While the specifics of an expanded Playoff remain unclear, I have often wondered how the FBS postseason would look if it had adopted an FCS-style tournament. The Div. I-AA/FCS Playoffs invited 16 teams from inception through 2009, expanded to 20 teams in 2010, then ultimately landed on the 24 participants in 2013. The spring 2021 Playoffs included 16 teams, but only due to the COVID-19-shortened campaign.
The FCS system grants automatic bids to all conferences that choose to participate — that is, all but the Ivy League, MEAC and SWAC. The remainder of the field is made up of at-large bids.
The top eight teams receive 1st Round byes, with the other 16 playing on opening weekend.
Back to the topic of the COVID season, our exercise applying the FCS format to FBS begins with 2020, the most frustrating year to formulate. Creating a bracket is hard enough in normal times with everyone playing 12 or 13 games but of varying difficulties; with the fluctuations in schedule length and protocol shutdowns, the process becomes especially maddening.

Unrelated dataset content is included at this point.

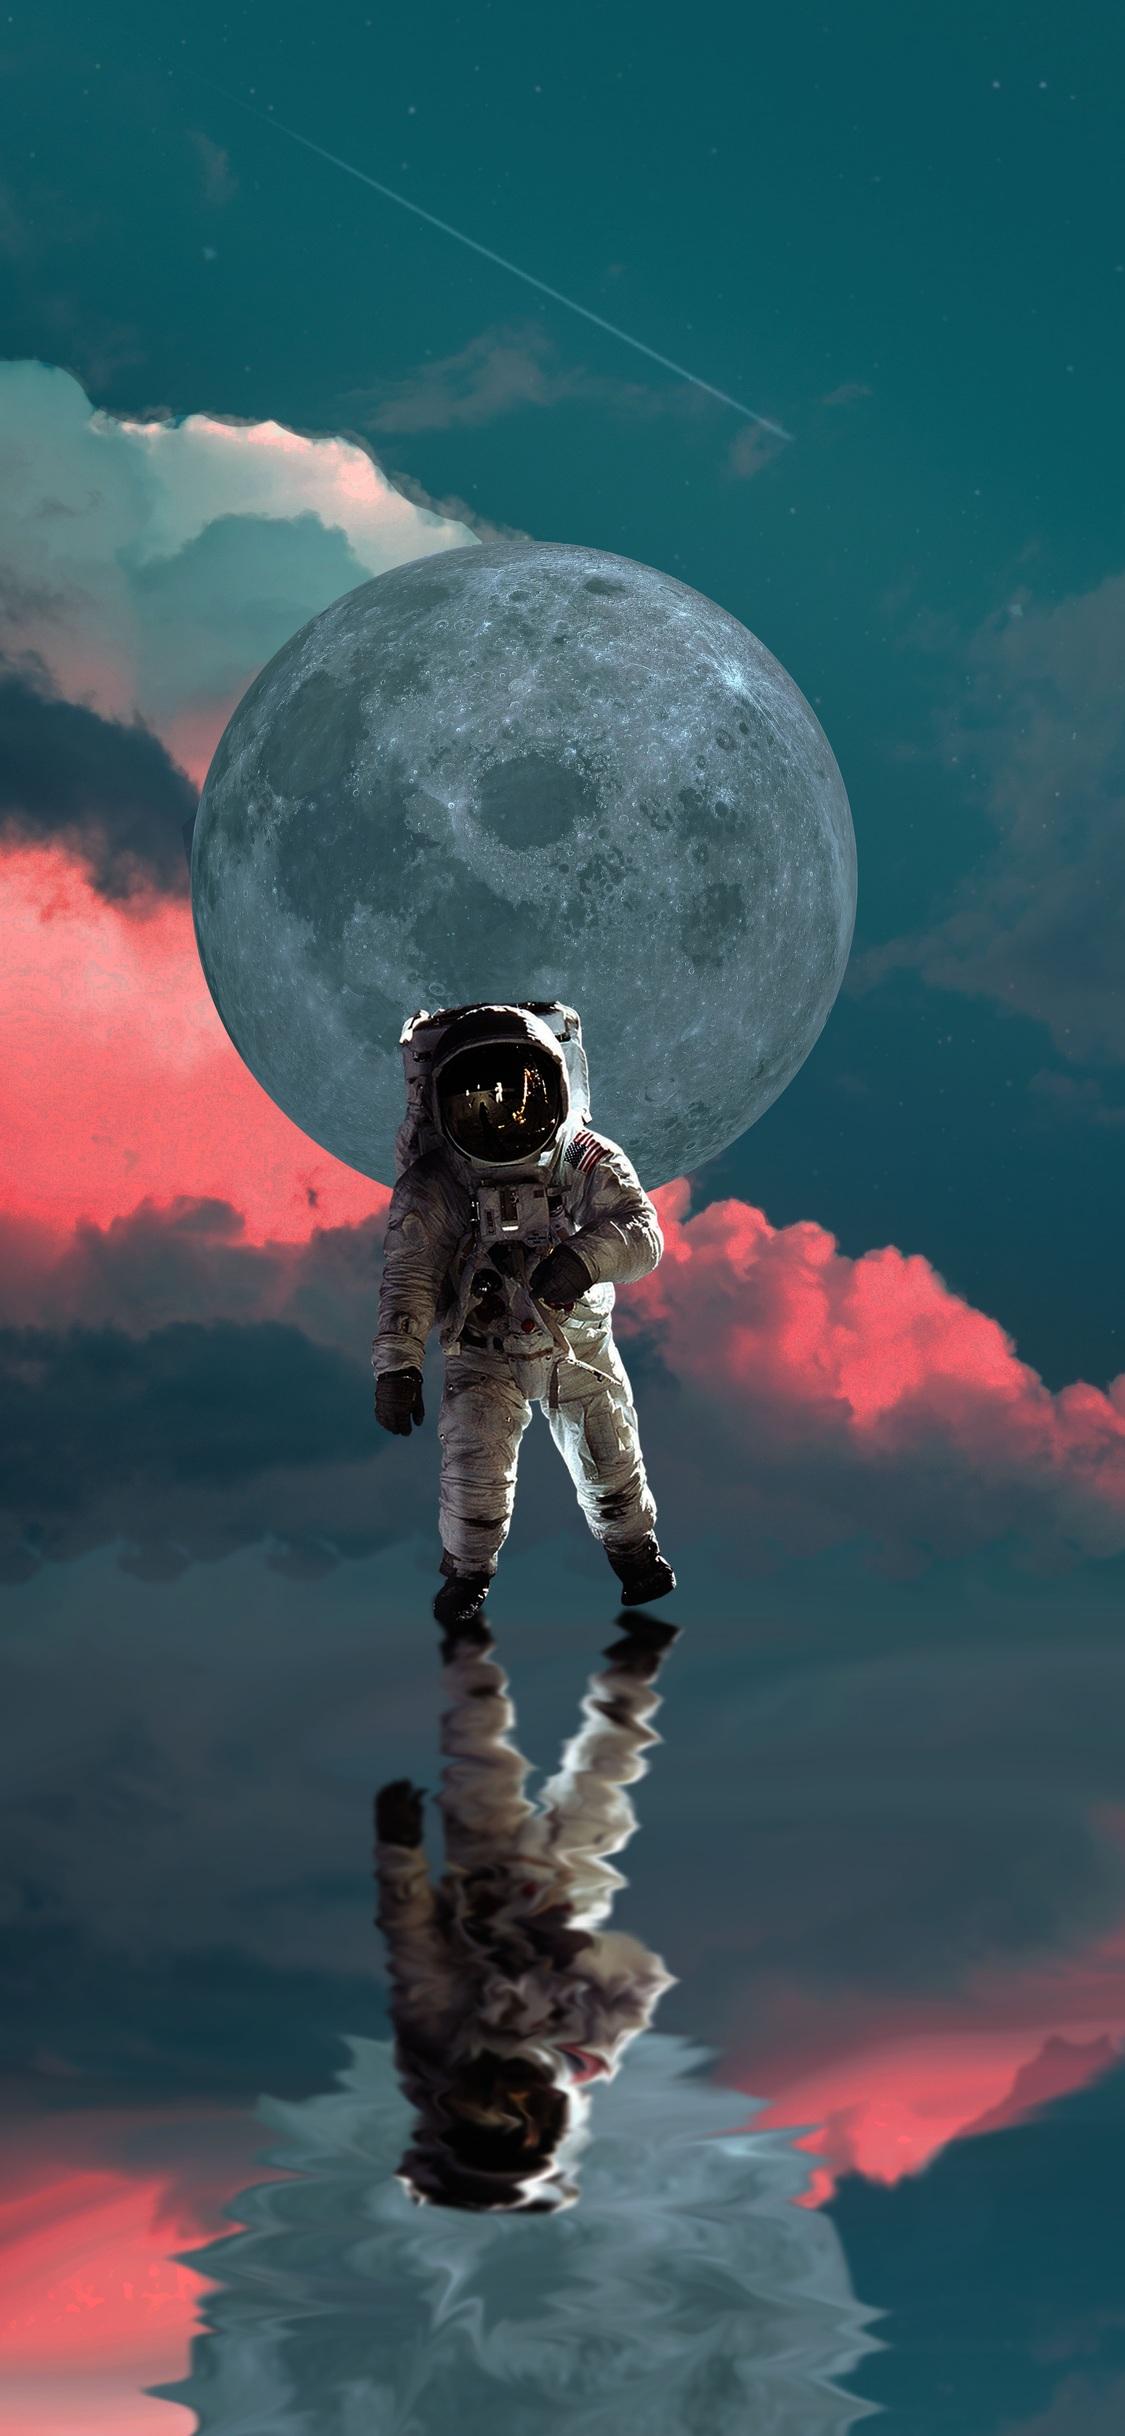 1125x2436 An Astronaut 4k Iphone Xsiphone 10iphone X Hd 4k

Creating some level of uniformity in an expanded field wherein all 10 conferences receive an automatic bid would be ideal. That means everyone playing the same amount of conference and non-conference games. The elimination of conference championships is a must to avoid making the season unnecessary long.
With that in mind, each of these scenarios is based on Playoff committee rankings from the final week of the regular season, prior to the conference title games. That means in a few instances, the league champs in reality like Ball State in 2020, Northern Illinois and Fresno State in 2018, and a few others are excluded.
2020
Last season being the most peculiar makes this exercise challenging, and somewhat pointless. The College Football Playoff already had a bear of a time paring down to four due to the incongruity in schedules, postponements, and assorted other issues arising from COVID-19.
It’s almost as if staging a playoff in a season with more than 130 games impacted by a pandemic isn’t the most advisable endeavor. Playoff talk can be grueling enough on its own without devolving into some of the nasty, politically adjacent sniping that came with the COVID territory.
To pretend as if 2020 went off without a hitch, and thus a 24-team playoff would have happened without incident, would be burying ones head in the sand. All the harder to slap yourself if you’re face is buried, I guess.
Because of the pandemic, the most logical course of action would have been the most taxing: staging a bubble.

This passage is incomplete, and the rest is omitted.